[Opening DATA FOR THE TASK section]

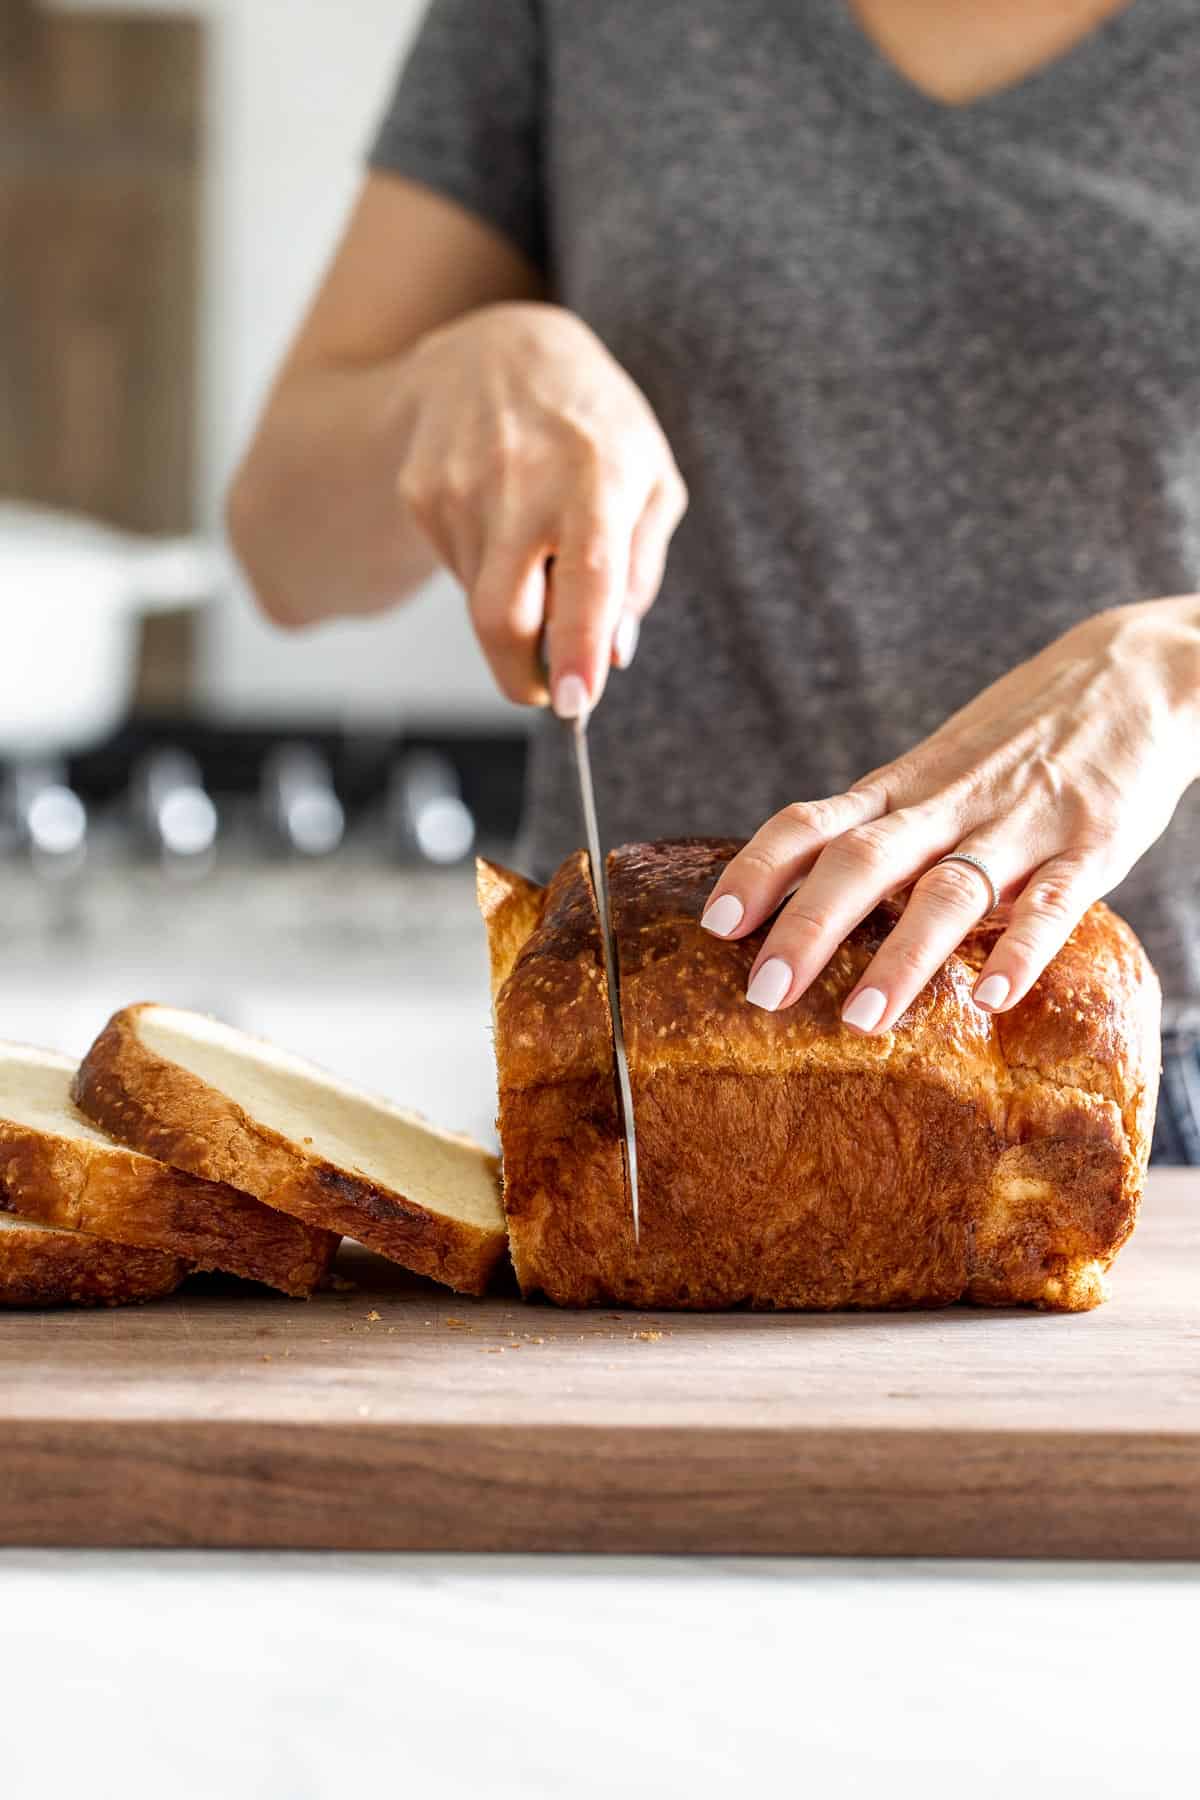 Person slicing brioche bread from the front view
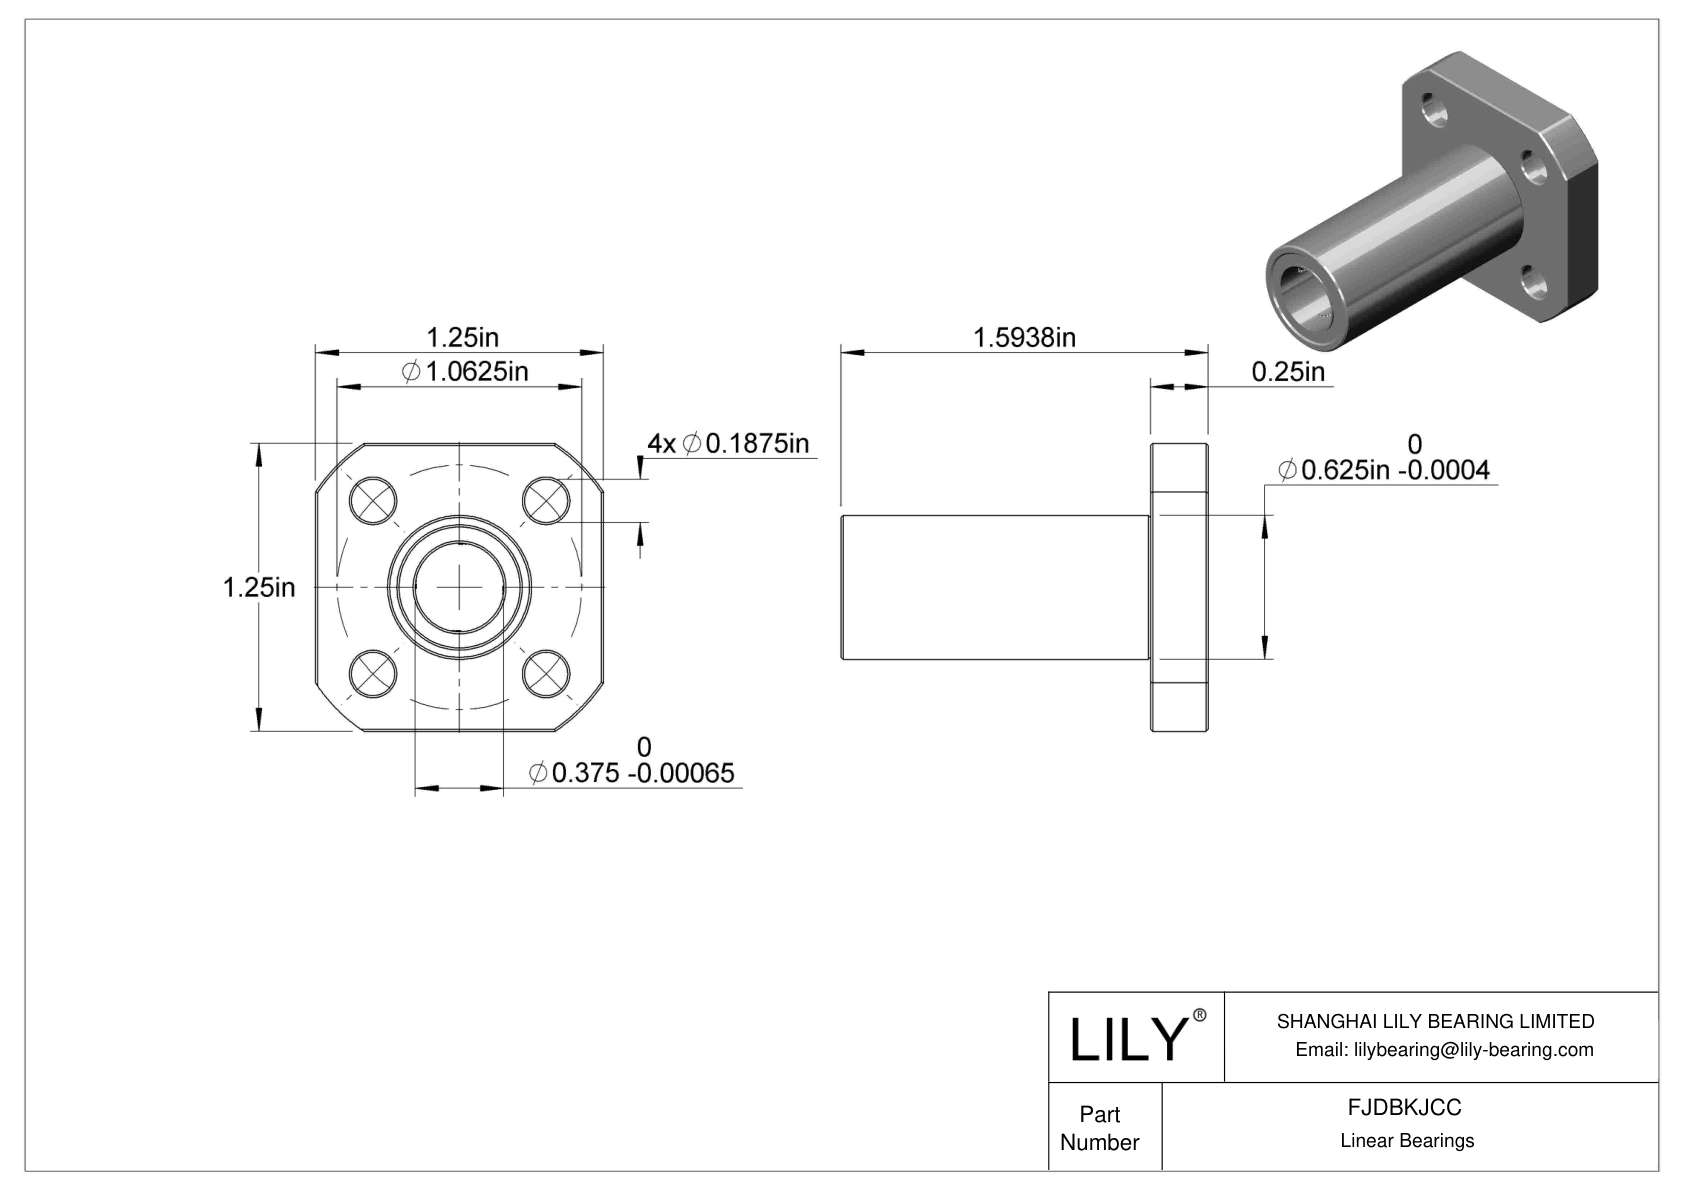 FJDBKJCC Corrosion-Resistant Flange-Mounted Linear Ball Bearings cad drawing
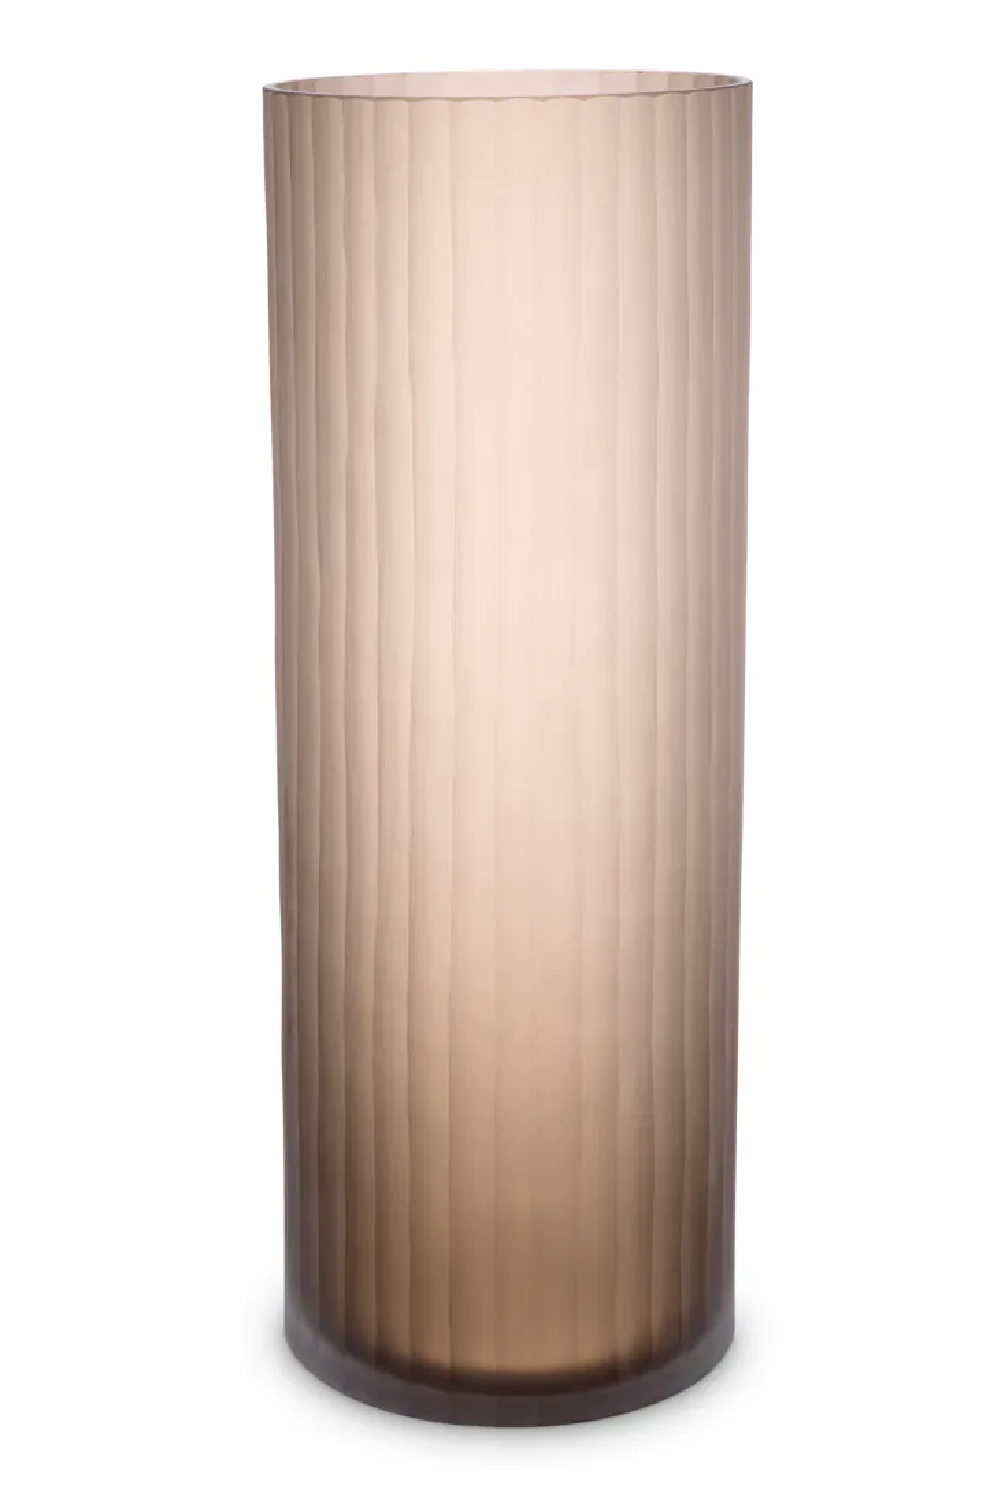 Brown Frosted Glass Vase | Eichholtz Haight | Oroa.com
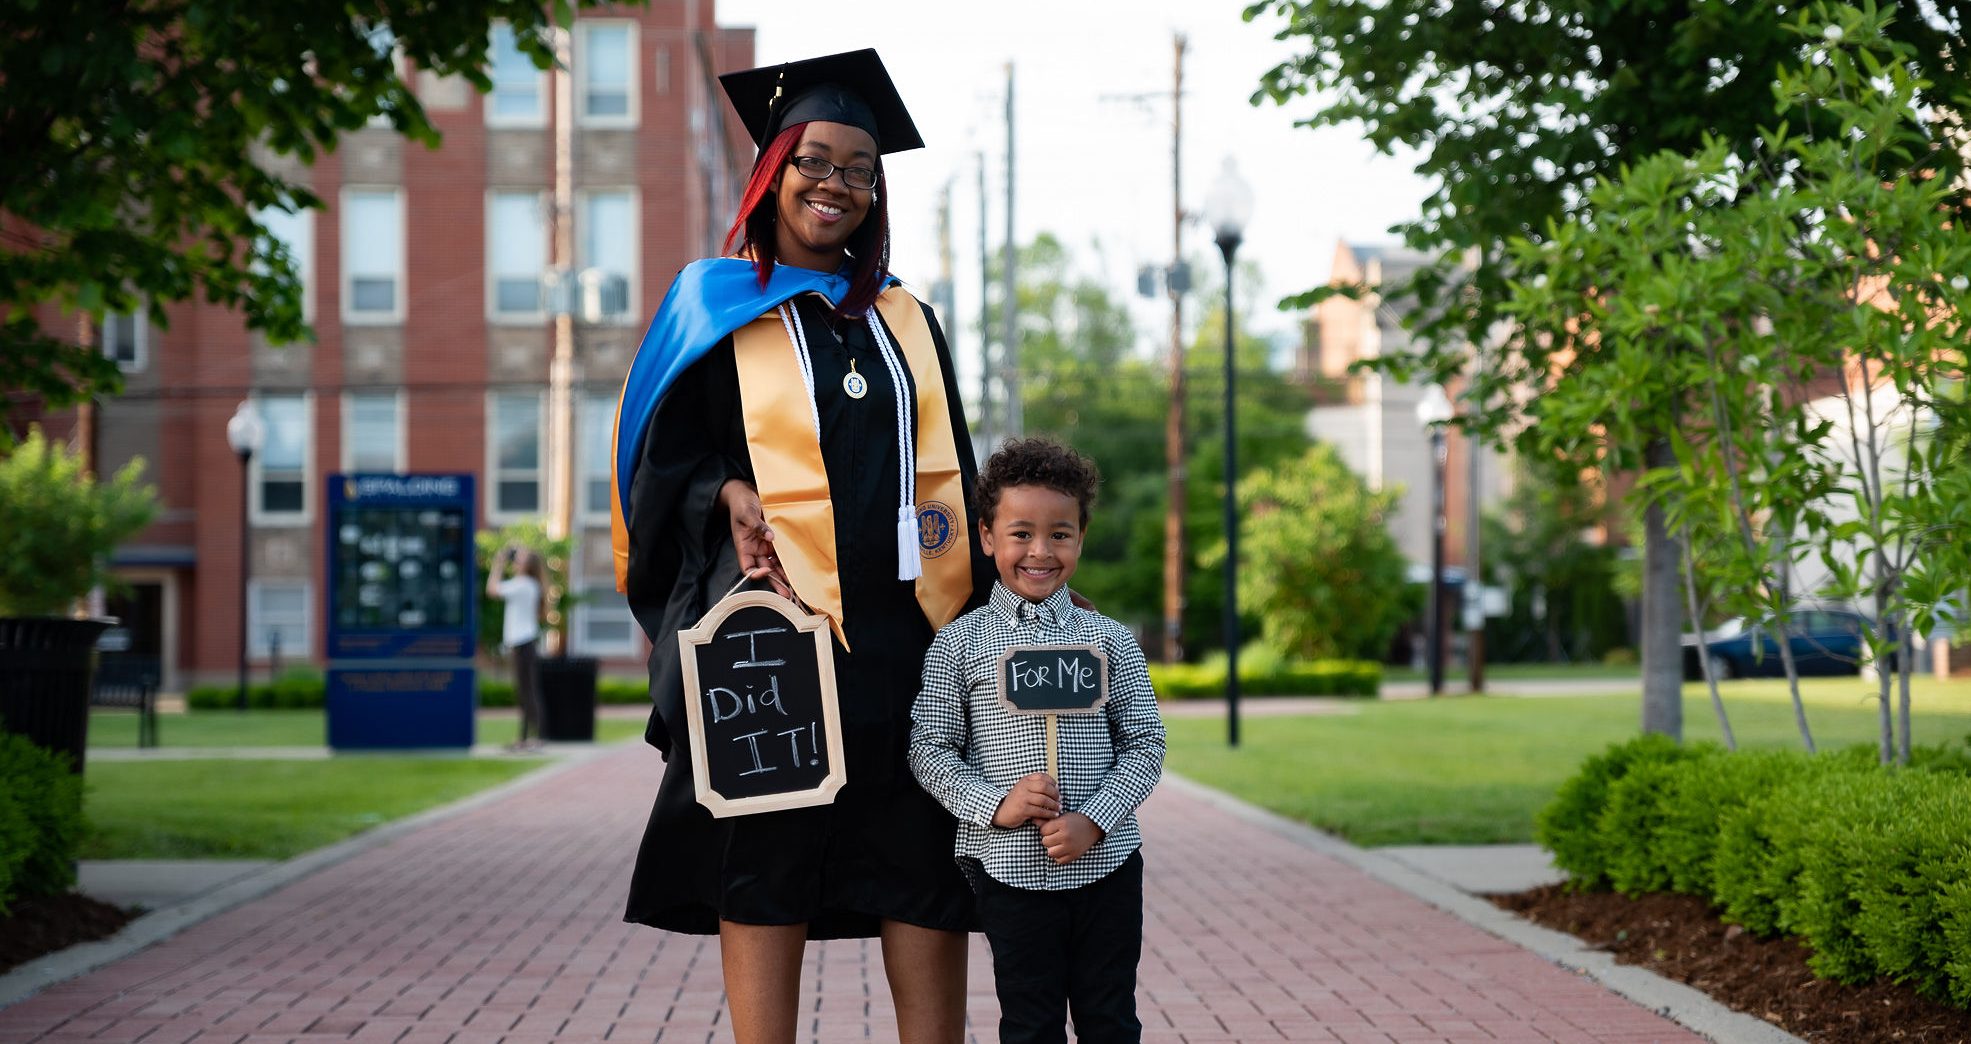 Spalding MSBC graduating student Kristin Spencer, wearing cap and gown, and her young son outside at Mother Catherine Square. Shes holding a sign, "I Did It!," and he has one that says, "For Me"
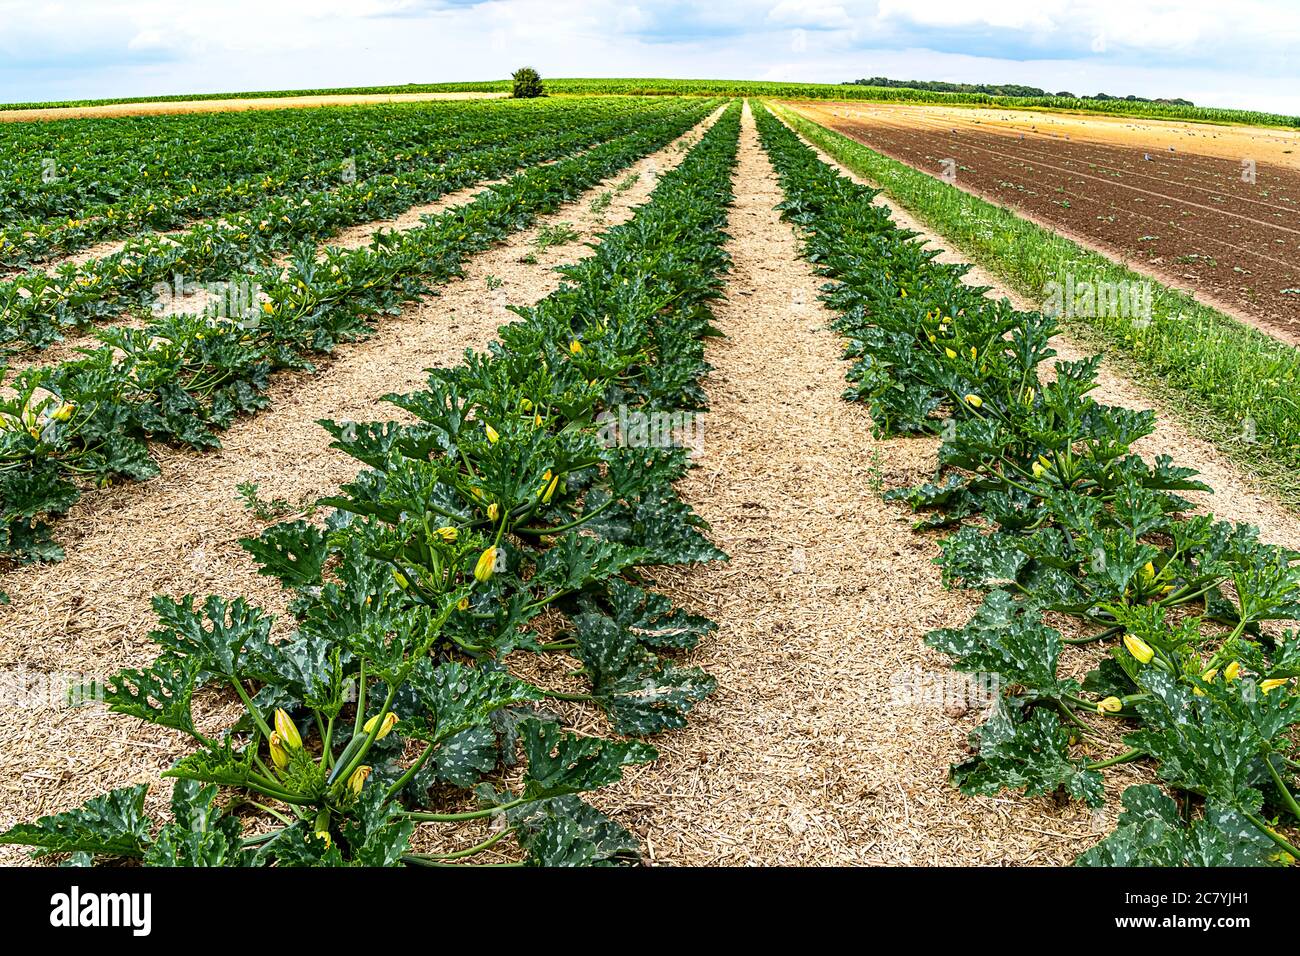 Organic farming in Germany- Rows of growing young Courgette plants in a field. Stock Photo

[Closing DATA FOR THE TASK section]

YOUR OBJECTIVE: In the data, the line that contains "FJDBKJCC Corrosion-Resistant Flange-Mounted" begins the part to write out; restate it and each line after it word for word through the end, with no pictures.

REPLY TO THE EXERCISE:
 FJDBKJCC Corrosion-Resistant Flange-Mounted Linear Ball Bearings cad drawing
 Brown Frosted Glass Vase | Eichholtz Haight | Oroa.com
 Spalding MSBC graduating student Kristin Spencer, wearing cap and gown, and her young son outside at Mother Catherine Square. Shes holding a sign, "I Did It!," and he has one that says, "For Me"
 Organic farming in Germany- Rows of growing young Courgette plants in a field. Stock Photo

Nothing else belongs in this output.